Мы — я, Васильева, Армен Джигарханян, Наташа Гундарева — стали пионерами антрепризы. Слава обо мне шла дурная. Выражение «Ты что, хочешь быть как Гаркалин?» стало нарицательным. Мы с Таней исколесили с представлениями много стран. Она в заграничных поездках всегда помогала выбирать подарки Кате. Тесно дружил с ее последним мужем Жорой Мартиросяном. Но когда они разошлись, я взял сторону Тани. Она обо мне заботилась. Всегда — в поезде, в самолете — доставала приготовленные дома бутерброды и кормила меня. Не давала выпить лишнего. Сколько часов мы провели вместе в поездах, которые мчали нас на гастроли! Как любит говорить Васильева: «У Валеры есть слабое место — проводницы». Я их называл «дежурными».
Один раз мы ехали с Таней в каком-то страшном поезде. Стояла невыносимая жара. «Дежурная» с раскосыми глазами стояла у печи и все время подбрасывала туда уголь. Я устроил за ней слежку: как только она брала в руки лопату, выскакивал из купе и отбирал у нее это орудие пытки, страшно матерясь при этом. Отгонял, размахивая лопатой, от топки.
Помню, однажды мы с Васильевой играли антрепризный спектакль в северном городишке. День милиции, в зале сидели пьяные милиционеры и их нетрезвые жены. Одна зрительница, шатаясь, ходила перед сценой и громко звала мужа: «Вань! Вань, ты где?» В зале стоял шум, там шла своя жизнь. На нас, артистов, никто не обращал внимания.

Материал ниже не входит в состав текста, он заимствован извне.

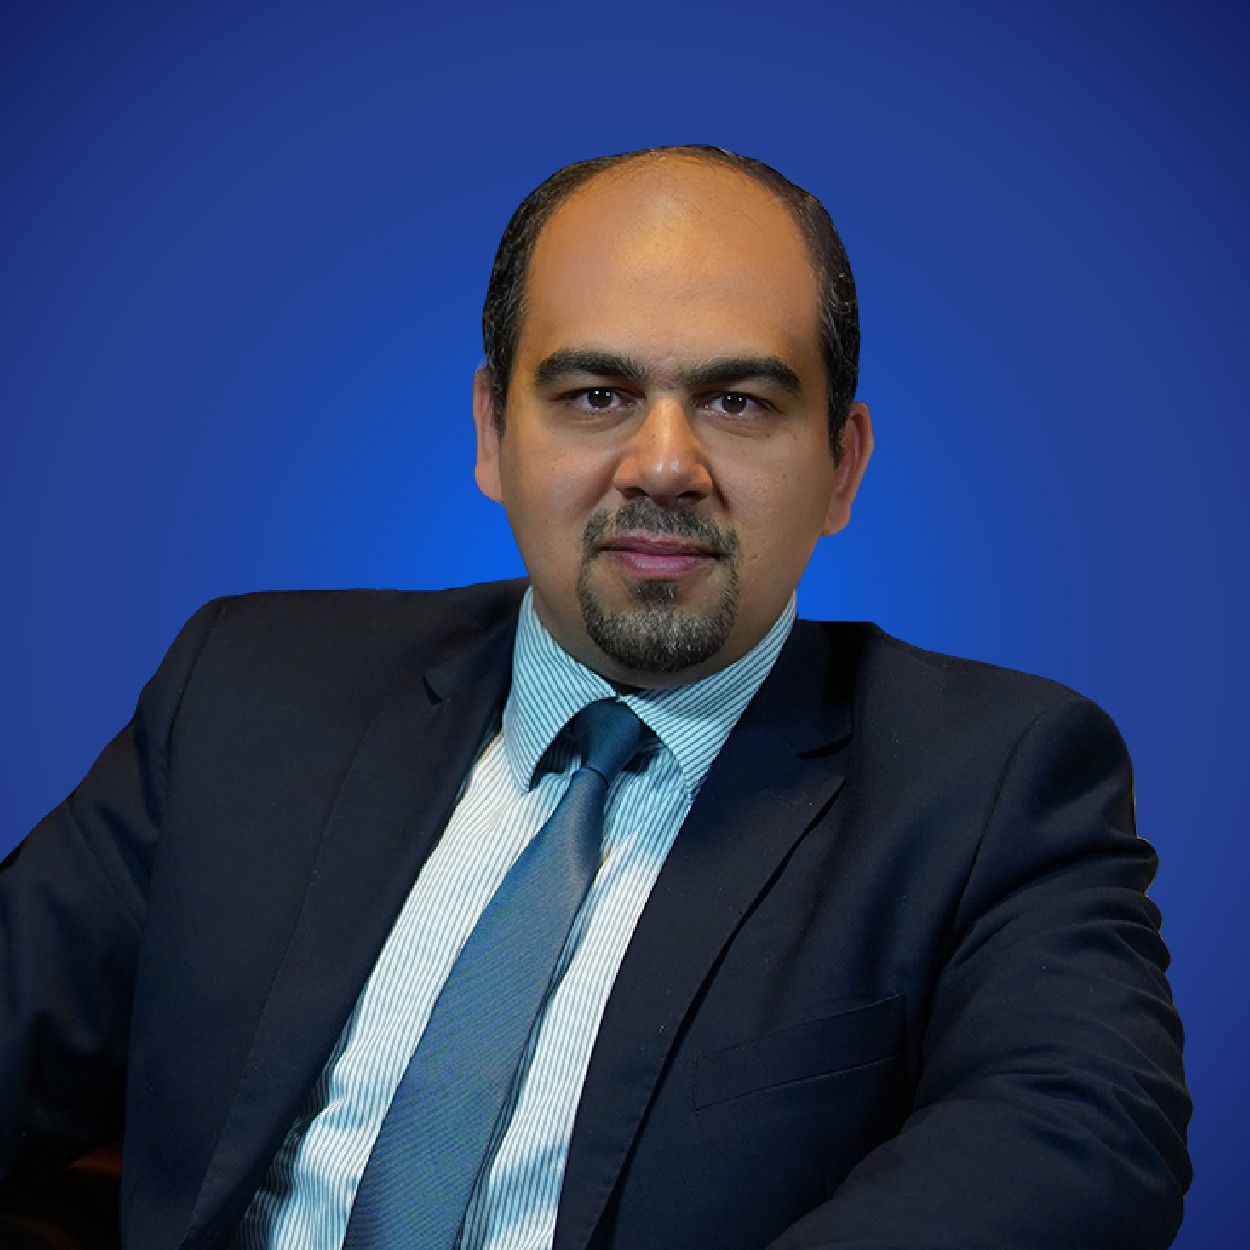 Dr. Amr Sukkar

Таня возмущенно шептала:
— Какой кошмар! Сейчас уйду со сцены!
Я ее успокаивал:
— Нам надо доиграть, перестань...
В 1994-м мне прислали сценарий со странным названием «Ширли-мырли». Начались пробы на главную роль. В процессе узнал, что режиссер Владимир Меньшов пробовал на Васю Кроликова чуть ли не всех молодых артистов страны, даже себя. Долго мучили, все никак не утверждали. Меньшов и во время работы, казалось, был недоволен моей игрой. Как ни посмотрю на него после съемок сцены, он все глаза прячет. Это обижало, я нервничал, Катя успокаивала: «Думаешь, что неподражаемый? Тебе безумно повезло, ты попал в компанию с великими актерами. Учись у них».
Однако я все никак не мог успокоиться. Как-то в гримерке пожаловался Инне Чуриковой:
— Меньшов меня не любит, наверное, уйду из картины.
Она вдруг резко прервала мои стенания:
— Что ты слюни на кулак наматываешь? Прямо сейчас подойди и скажи ему в лицо все, что думаешь, как мужчина мужчине!